Budget 2025–26 highlights
Macroeconomic Targets:
- GDP Growth: 3.9%
- Inflation: 12.3%
- Fiscal Deficit: 5.5% of GDP
- Tax-to-GDP Ratio: Targeted at 10% (currently 8.8%)
Key Budget Measures and Sectoral Allocations
FBR reforms:
- AI-based audits and digital tracking systems
- Broadened tax base and tougher non-filer penalties
Energy Sector:
- Rs389 billion to reduce circular debt
- Tariff rationalization and solar/wind energy promotion
Privatization:
- Accelerated plans for PIA, DISCOs, and non-essential SOEs
Agriculture:
- Rs178 billion for “Green Pakistan Initiative”
- Climate-smart farming and digital subsidy disbursements
Social Protection:
- BISP coverage increased by 15%, focusing on women
- Pensions indexed to inflation
- Financial literacy and support for vulnerable groups
IT & Digitalization:
- Target of $25 billion in IT exports by 2029
- E-governance platforms for public services
- Digital Services Tax on foreign e-commerce platforms
Water & Climate:
- Rs69 billion for dams and irrigation (e.g., K-IV project)
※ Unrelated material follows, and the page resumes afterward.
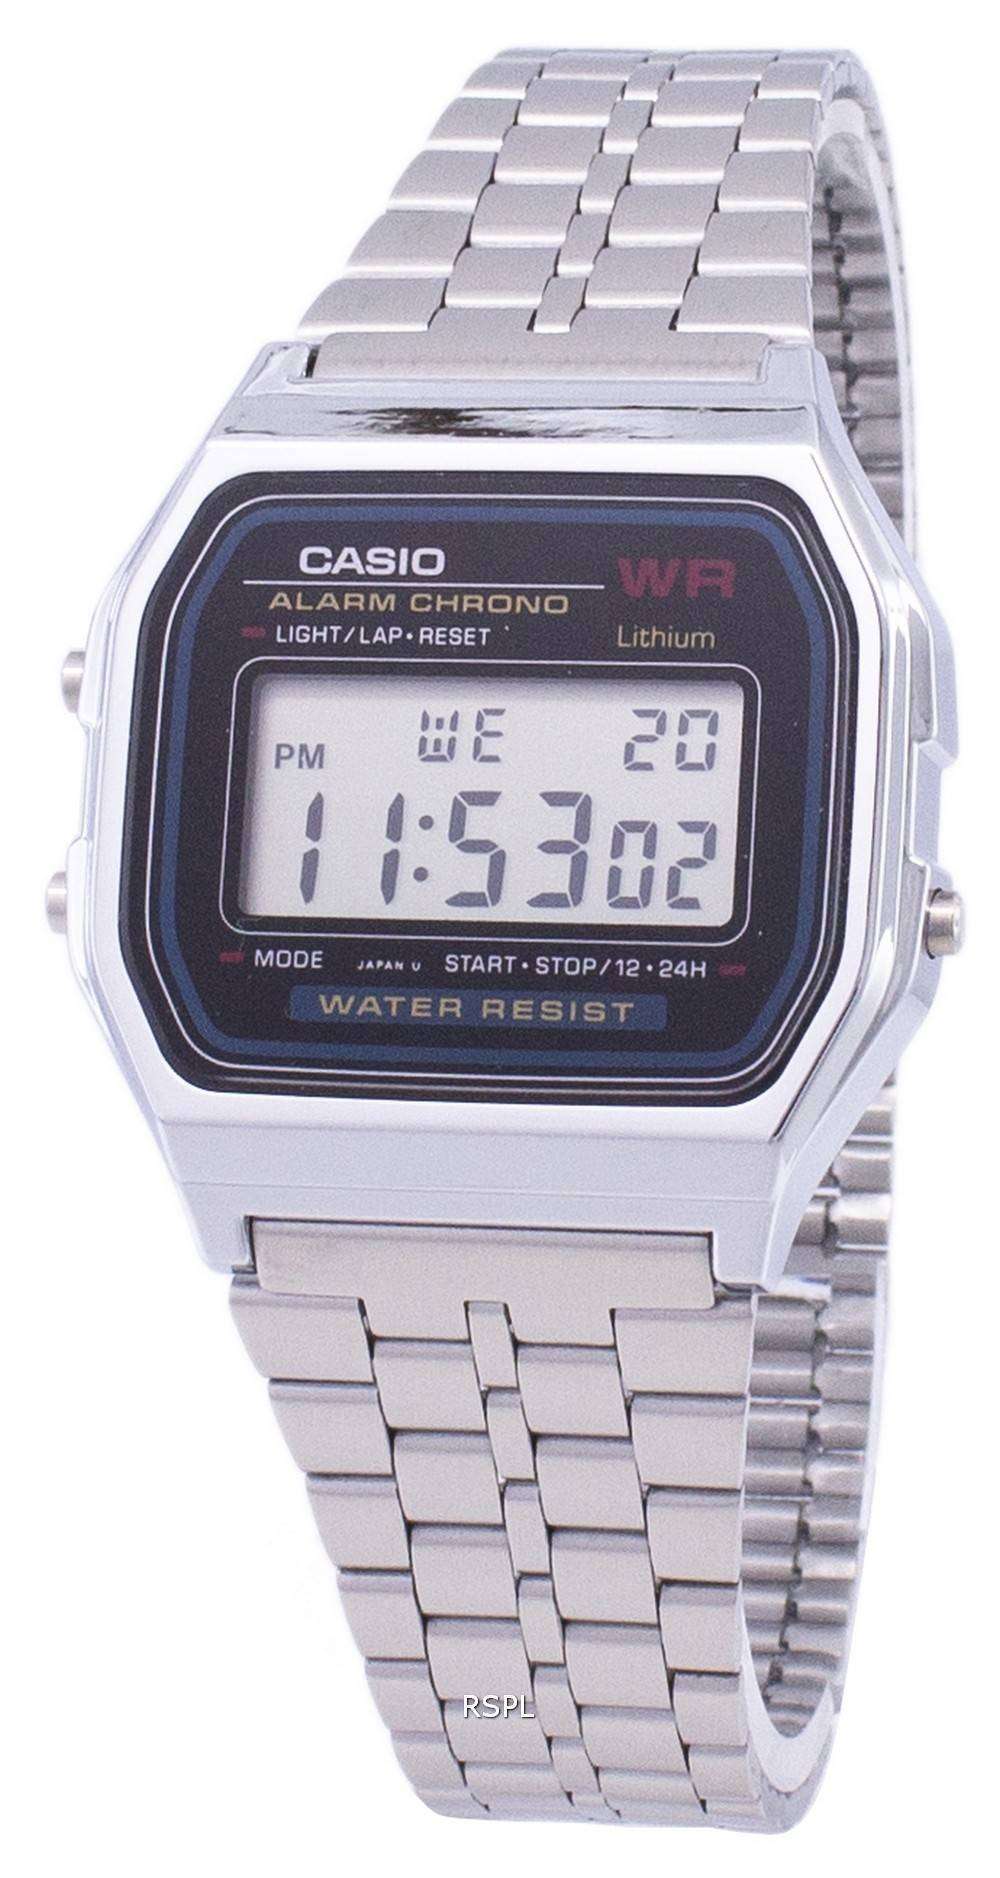 Casio Digital Alarm Chrono Stainless Steel A159wa N1df A159wa N1 Men S Watch Citywatches Co Uk
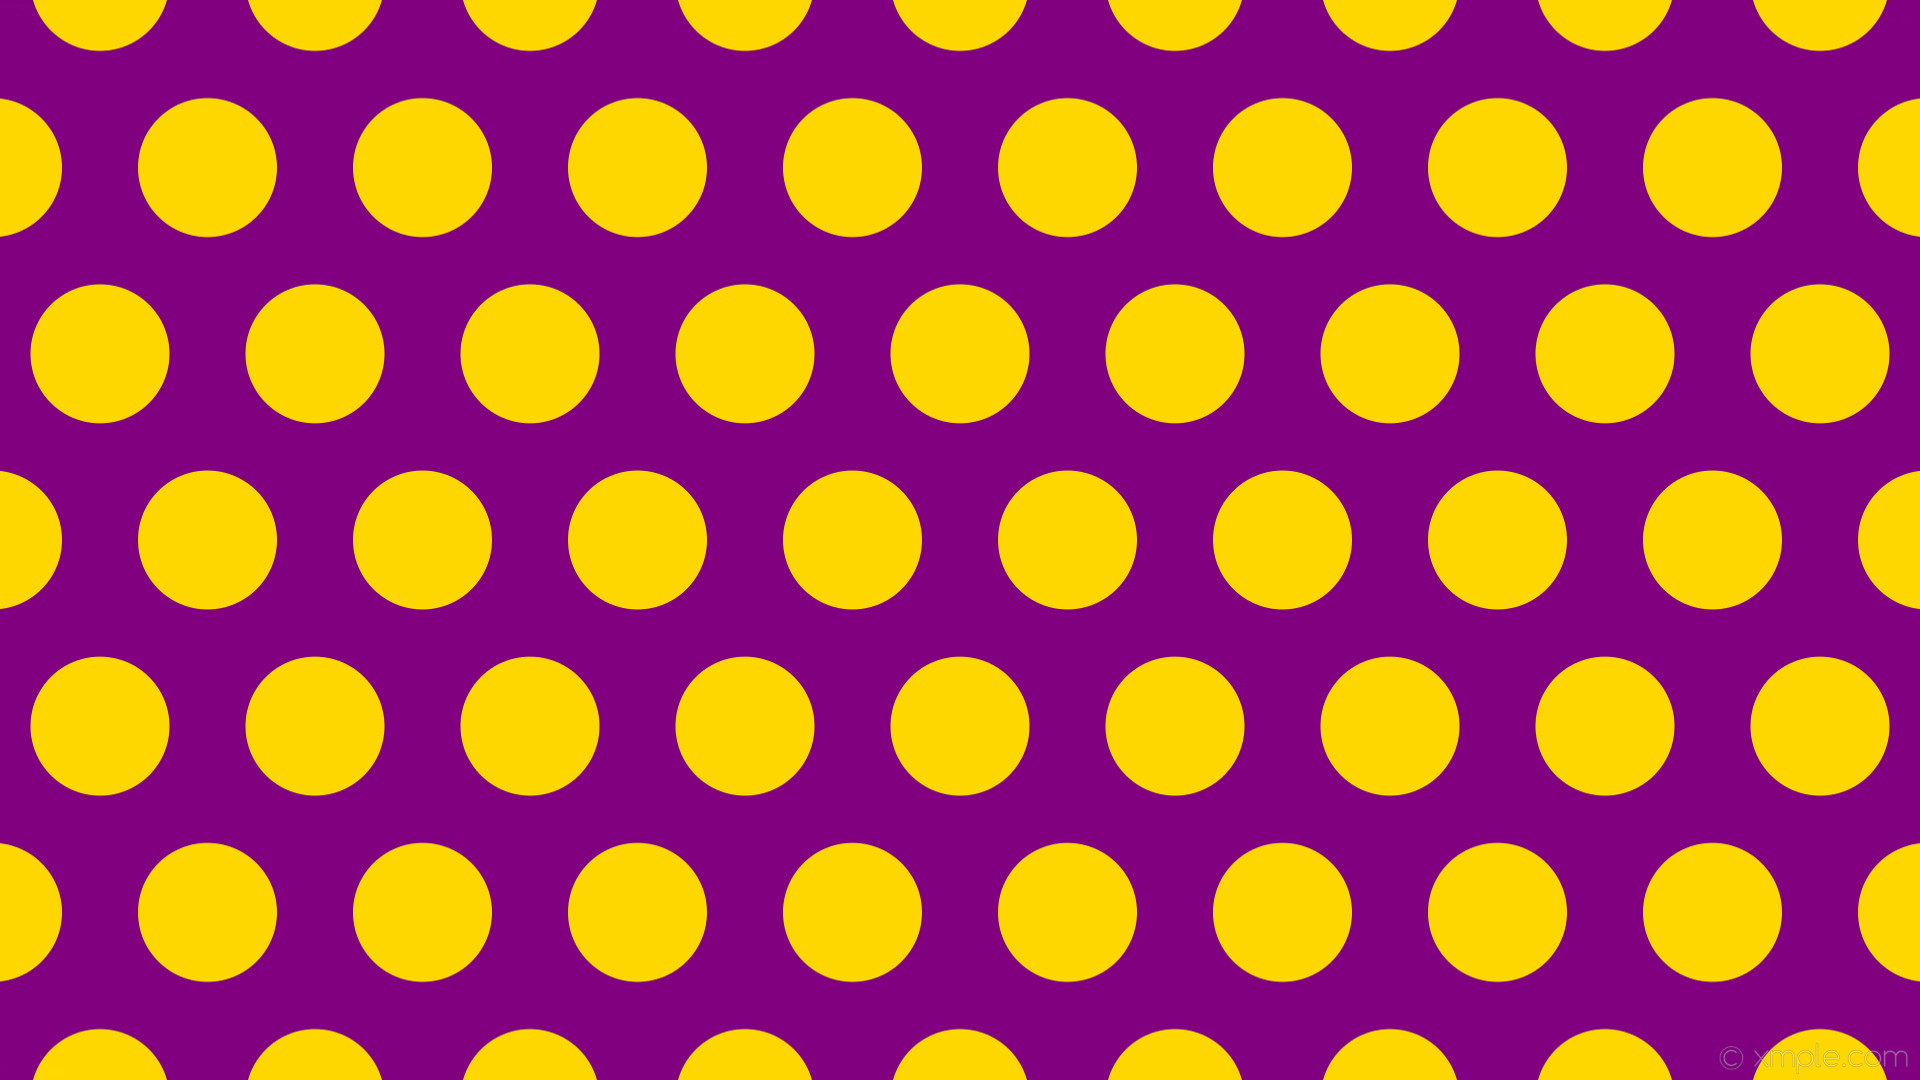 1920x1080 wallpaper yellow hexagon purple polka dots gold #800080 #ffd700 0Â° 139px  215px

- Rs16 billion for climate adaptation (flood control, water conservation)
Healthcare & Education:
- Rs21 billion for preventive healthcare; upgrades for 90 hospitals
- 18.5% increase in education budget; focus on skills and early childhood education
SMEs & Housing:
- Rs47 billion for SME credit access
- Subsidized mortgage schemes for low-income families
Overseas Pakistanis:
- Targeting $31.3 billion in remittances
- Simplified banking channels and skill development programs
Governance & Judicial Reforms:
- 10% reduction in non-essential federal posts
- Fast-track courts for tax-related disputes
Major Budgetary Allocations (PKR Billion)
- Health: 21
- Education: 18.5
- BISP: 592
- Climate: 16
- Energy Circular Debt: 389
- Agriculture: 178
Challenges Addressed
- Curbing inflation (12.3% target)
- Energy inefficiencies and circular debt
- Expanding the tax net
- Climate resilience and disaster preparedness
The FY2025–26 budget underscores fiscal consolidation, economic growth, and social equity, with an emphasis on digitization, privatization, and climate resilience. However, successful implementation will be crucial amid ongoing political opposition and external economic pressures.